In addition to the traditional categories of analysis, some useful criteria for urban planners and experts in recognizing the nature of public and collective spaces, those spaces that allow to increase citizenship practices.
The literature that studies the functioning of urban public spaces usually observes individual and social behavior in space to identify minimal design factors (such as urban design) capable of making them more hospitable, usable by potential users.
The main idea is that it is possible to distinguish areas, specific areas within a space, which have characteristics that allow or inhibit certain individual and social behaviors.
Particularly the attention is focused on studying those spatial characteristics that create "the individual predisposition for sociality (or even sociability) practices, which can be defined as the propensity to listen and dialogue with strangers.
Thus, starting from experimental studies in particular social environments, such as schools and hospitals, particular configurations of spaces have been observed, in the distinction between rooms and corridors, in the structuring of interior spaces, in the arrangement of chairs and tables, they inhibit or favor behavior of sociality, functioning as rooms for social interaction.
Conversely, other spaces seem to favor the defense of privacy and intrusion in the sphere of one's own personal space from others.

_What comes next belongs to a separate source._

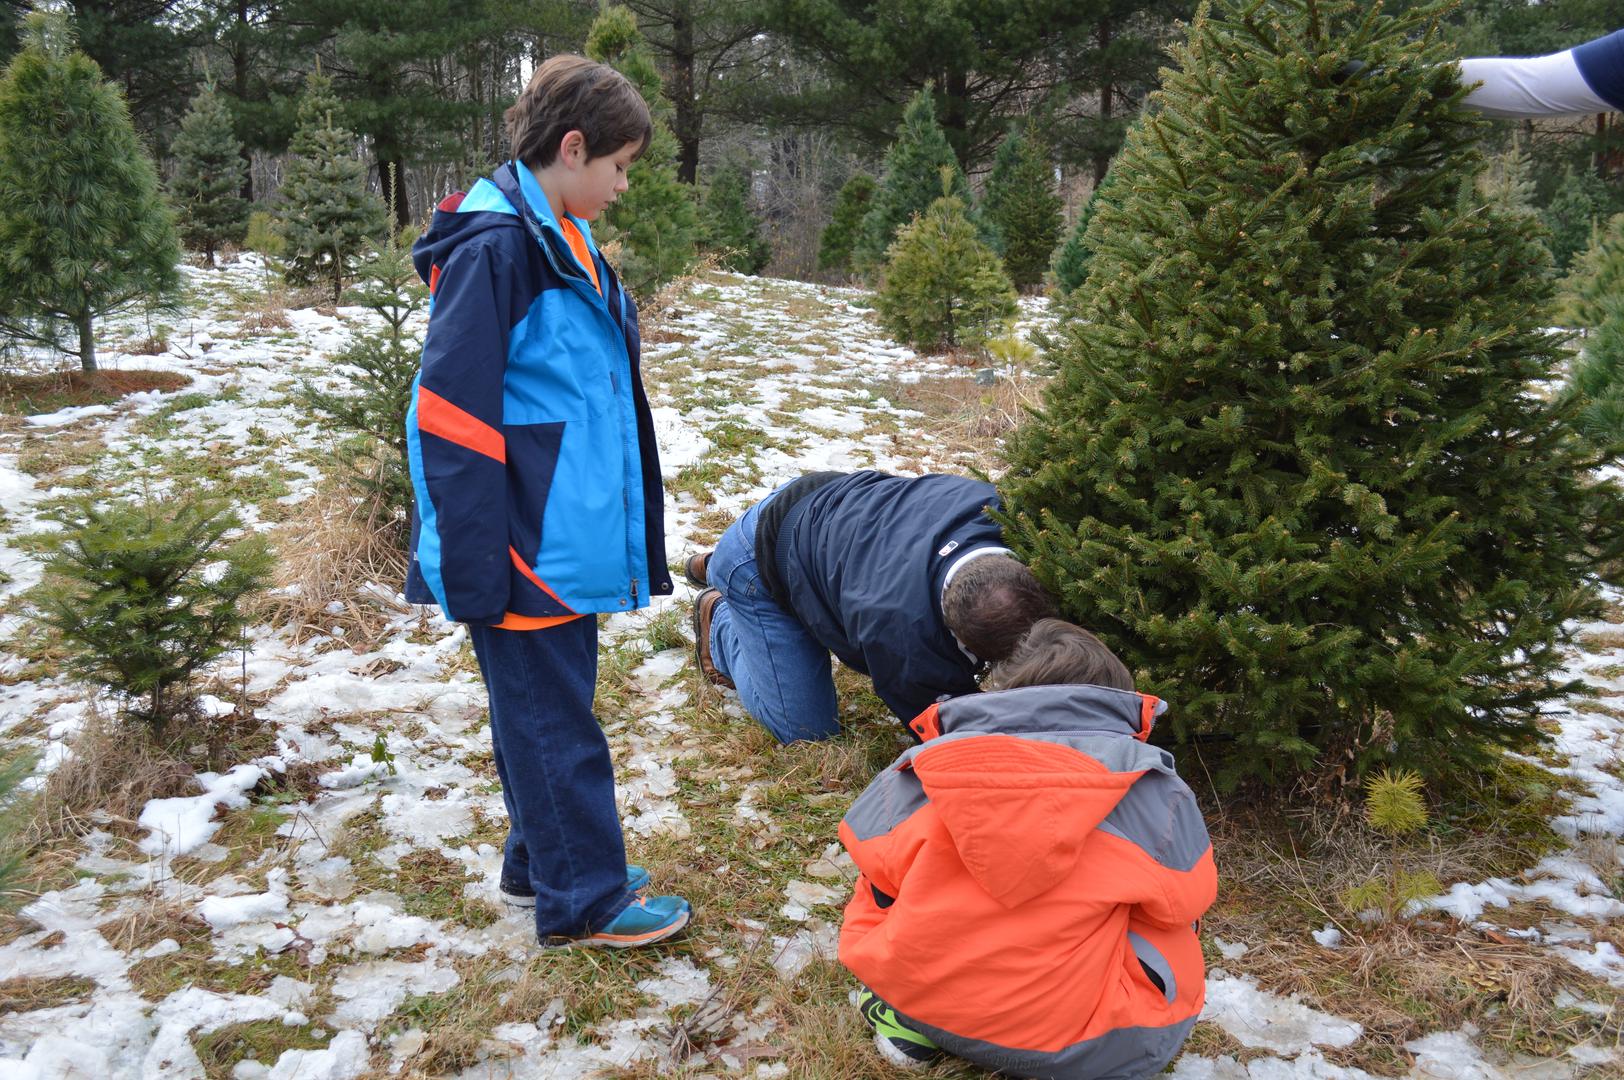 Christmas Tree Experience - Mm3 Associates, Llc - Cleveland, Oh
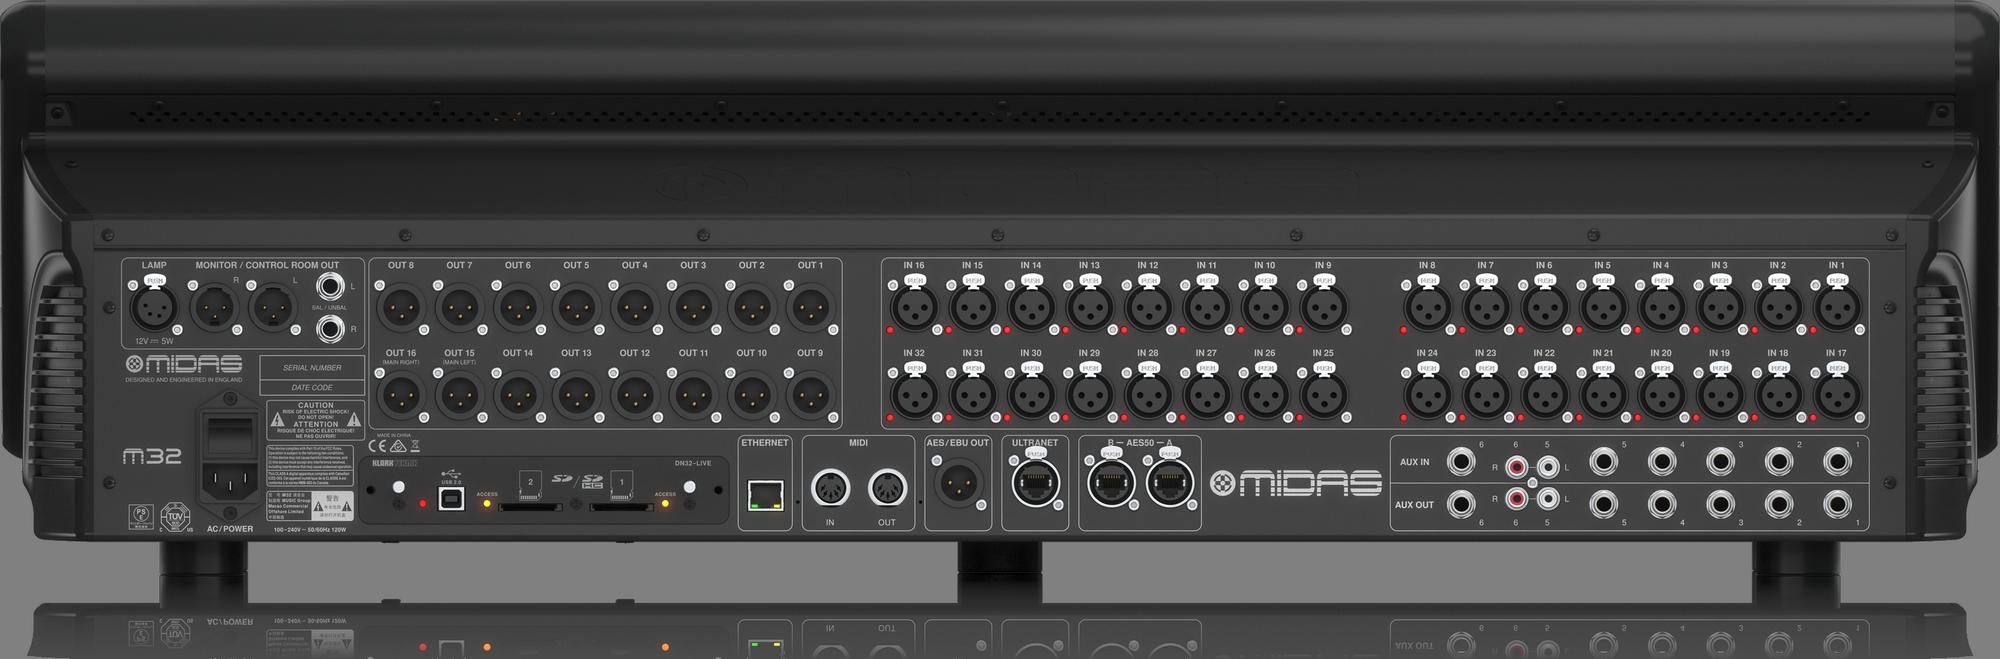 Midas M32 Live + DL32 Combi - Console with stageblock

It is interesting to observe how practices more focused on sociality or privacy are strongly related to the forms of space control, territoriality. By territoriality we mean the power to control the space for the control of social relations, exercised at an individual, social, even economic and political level.
Observing the forms of control in urban space is useful to the extent that it allows us to look at the types of social practices rather than the formal and legal characteristics in defining an urban space for its public, collective value.